Because our governments do not consult to find out what rural women and small farmers need, they come with one size fits all policies that just dump GMOs, fertilisers and commercial seeds onto farmers. They use the input subsidy programmes to camouflage the interests and profits of multinational corporations whose products are distributed through the FISPs.

A key aspect of the FISPs is how they relate to land rights for women. Women still face unequal access to land and even where women are accessing land often they do not own or have control over that land. As one woman said in her testimony, ‘When the man dies, the wife is told to bugger off.’ When women do not have control over land they cannot access FISPs, and so inequality is increasing between men and women.

New seed legislation in countries like South Africa sets a dangerous precedent for the region. They are aimed at deepening corporate control over seed and undermining small farmer control of seeds. We call on rural women of SADC to mobilise to stop any potential plans by their own governments to develop similar laws.

We as Africans are rich, but we remain poor, because of models that continue to be developed based on export and the enrichment of a few, rather than building the lives of ordinary citizens.  Our governments do not think that we are worth listening to, but we know there are ways to build our communities, which are not based on the export of our minerals, our food and our wealth.

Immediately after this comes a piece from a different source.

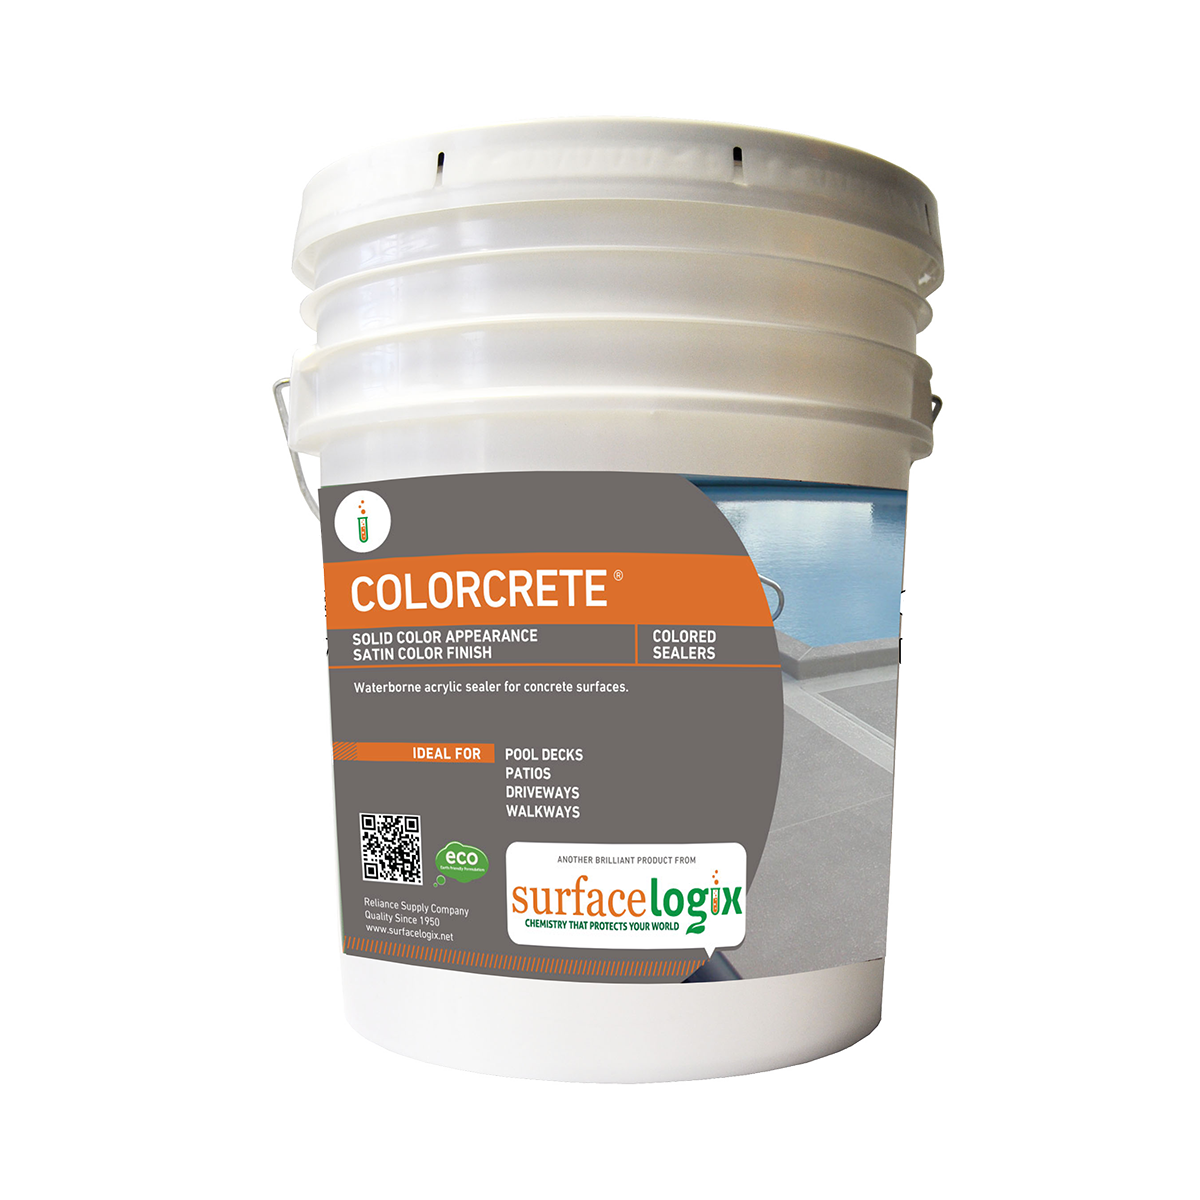 Surfacelogix Colorcrete water based tinted concrete sealer 100% waterborne acrylic resins with hard, semi-gloss film 5gal

The Speak Out heard how contract farming is increasing in some SADC countries but only a very small number of farmers actually benefit, and hardly any of them are women. Small farmers get into these contracts because it seems to be a source of finance in a context where their own governments do not provide them with financial support. These farmers cannot afford to employ people and so they and their family members must work ever harder to produce the crops that the companies require. Contract farming can thus be seen as a form of modern slavery, where corporations get to benefit from free land and labour and exploitative prices are paid to farmers for their produce.

In some cases, FISP is leading to increasing indebtedness as farmers have to find ways to raise their match funding to benefit from FISP and when FISP locks them into a vicious cycle that requires them to purchase inputs every year in order to produce.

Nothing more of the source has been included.